RE: Synonyms expressions sens

2007-09-21 Thread Laurent Gilles
Thanks for the advice Grant,

I've tried putting '_' into synonyms, but step by step I've realised that it
what always more intrusive into Solr source code...
But I've found another solution, that I want to expose here in order to have
external advice and perhaps pointing out some bugs or side effect I've not
seen.
I do not touch the source code but I only change my synonym.txt and the way
I manage indexes on schema.xml.

Giving a synonyms list like :

capital punishement, death sentence, death penalty
10, dix, X
17, Dix sept, XVII
18, dix huit, XVIII
Rock, jazz, modern music = modern music
Coluche, colucci = colucci
Coluche, coluci = coluci
Coluche, colucchi = colucchi
coluche, michel colucci = michel colucci

I was faced with two major problems with index time synonym expansion (@
expand=true:
- Possibility of synonyms mix (10, dix, X with 17, Dix sept, XVII or
18, dix huit, XVIII)
- Possibility of query that could match some unexpected result due to
language ambiguity, and in a more generic way, due to the fact that
expansion put new token in document that will be matched at wuery time (ex:
query capitale will match a document with  death sentence ..)

So here what I've done:

A single line in synonym file could by seen as a family of synonyms, or
switcheable term and expressions.
So instead of injecting (into document at index time) for a single match,
all the possibilities founded in the synonyms list, I've changed the list in
order to give an ID for each synonyms families and the index time synonyms
filter is no more configured with expand=true but with expand=false in order
to replace a matched term with the ID of his family.

Then at query time, I reintroduced the synonyms filter with expand=false in
order to replace in the query the matched synonyms with their corresponding
ID

Her my synonyms list used with expand=false

SynFamily1, capital punishement, death sentence, death penalty
SynFamily2, 10, dix, x
SynFamily89, 17, xvii, dix sept
SynFamily112, 18, xviii, dix huit
rock, modern music = HierFamily2017
jazz, modern music = HierFamily2014
coluche, collucci = HierFamily1537
coluche, colluche = HierFamily1538
coluche, colucchi = HierFamily1541
coluche, colucci = HierFamily1542
coluche, coluchi = HierFamily1543
coluche, coluci = HierFamily1544

It seems to work fine since now a query capital will not match a document
that originally contains death sentence since the synonyms expansion is
limited to the one-token ID SynFamily1, and in order to match such a
document, a query like capital punishement must been made.

The synonyms mixing also seems to have disappeared (document containing dix
huit will not match for a query 10)

My question is, do I've missed something ? The solution seems to much simple
and since I'm working on fulltext search engine I've always faced side
effects problems after logic modification, so I'm a little sceptic... :) 

Voila !

Thanks for your time

Laurent



-Message d'origine-
De : Grant Ingersoll [mailto:[EMAIL PROTECTED] 
Envoyé : mardi 11 septembre 2007 14:53
À : solr-user@lucene.apache.org
Objet : Re: Synonyms expressions sens

Inline...
On Sep 11, 2007, at 7:27 AM, Laurent Gilles wrote:

 Hi,



 I'm actually facing a relevancy issue with multiword synonyms.

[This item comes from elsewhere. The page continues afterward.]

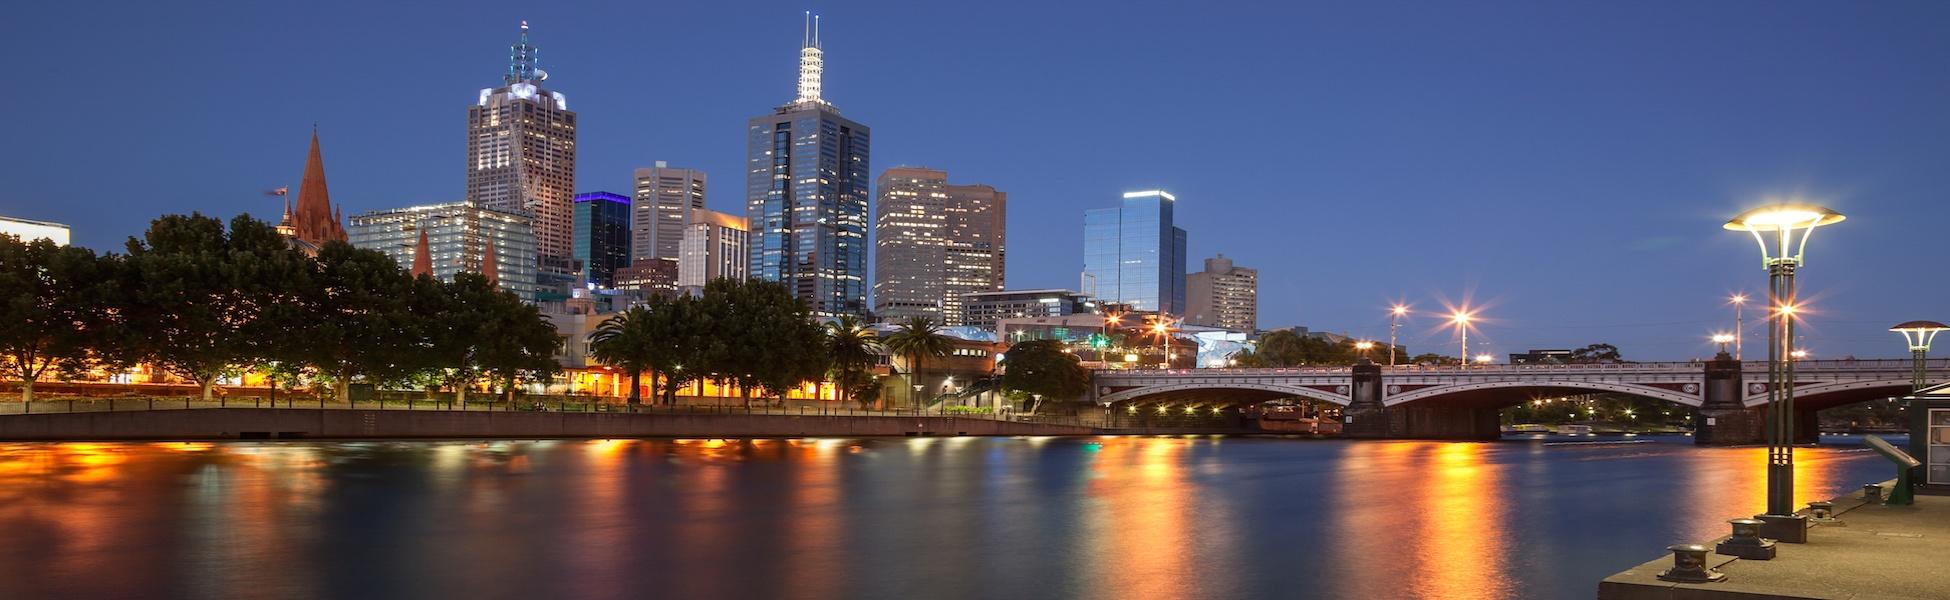 MELBOURNE_CITY.jpg

 Let's expose it by a test case:



 Giving the following synonyms definitions:

 

 capital punishement, death sentence, death penalty

 



 And a [EMAIL PROTECTED] defined at index time, so the  
 document:

 

 The prisoner escaped just before the death sentence had been set.

 



 Will be indexed like

 

 The prisoner escaped just before the (death sentence | death penalty |
 capital punishment) had been set.

 



 Now, if a user asks for capital, the system will match  
 capital (that
 could mean 'Paris, capital of France') into the index time synonyms  
 expanded
 document, which doesn't have sense.

 I was expecting that in order to match, I'll have to give the entire
 expression capital punishment to match a document that contains   
 death
 sentence and not only a part of the expression.

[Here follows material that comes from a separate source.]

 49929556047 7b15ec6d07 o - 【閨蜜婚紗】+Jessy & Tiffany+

 It seems to be the normal Solr behaviour, but what I'm actually  
 facing is a
 relevance problem with the given results, since a given word  
 contained in an
 expression could have a completely different meaning compared with  
 the same
 isolated word.







 Is their a trick or a way to match synonym complete expression and  
 not the
 words the expands have added into documents ?


Ah, the ambiguity of language :-)

I can think of a couple of different suggestions to try:
1. Index your phrase

Synonyms expressions sens

2007-09-11 Thread Laurent Gilles
Hi,

 

I'm actually facing a relevancy issue with multiword synonyms.

 

Let's expose it by a test case:

 

Giving the following synonyms definitions:



capital punishement, death sentence, death penalty



 

And a [EMAIL PROTECTED] defined at index time, so the document:



The prisoner escaped just before the death sentence had been set.



 

Will be indexed like



The prisoner escaped just before the (death sentence | death penalty |
capital punishment) had been set.



 

Now, if a user asks for capital, the system will match capital (that
could mean 'Paris, capital of France') into the index time synonyms expanded
document, which doesn't have sense.

I was expecting that in order to match, I'll have to give the entire
expression capital punishment to match a document that contains  death
sentence and not only a part of the expression.

 

It seems to be the normal Solr behaviour, but what I'm actually facing is a
relevance problem with the given results, since a given word contained in an
expression could have a completely different meaning compared with the same
isolated word.

 

Is their a trick or a way to match synonym complete expression and not the
words the expands have added into documents ?

 

Thanks,

 

Laurent



Re: Synonyms expressions sens

2007-09-11 Thread Grant Ingersoll

Inline...
On Sep 11, 2007, at 7:27 AM, Laurent Gilles wrote:


Hi,



I'm actually facing a relevancy issue with multiword synonyms.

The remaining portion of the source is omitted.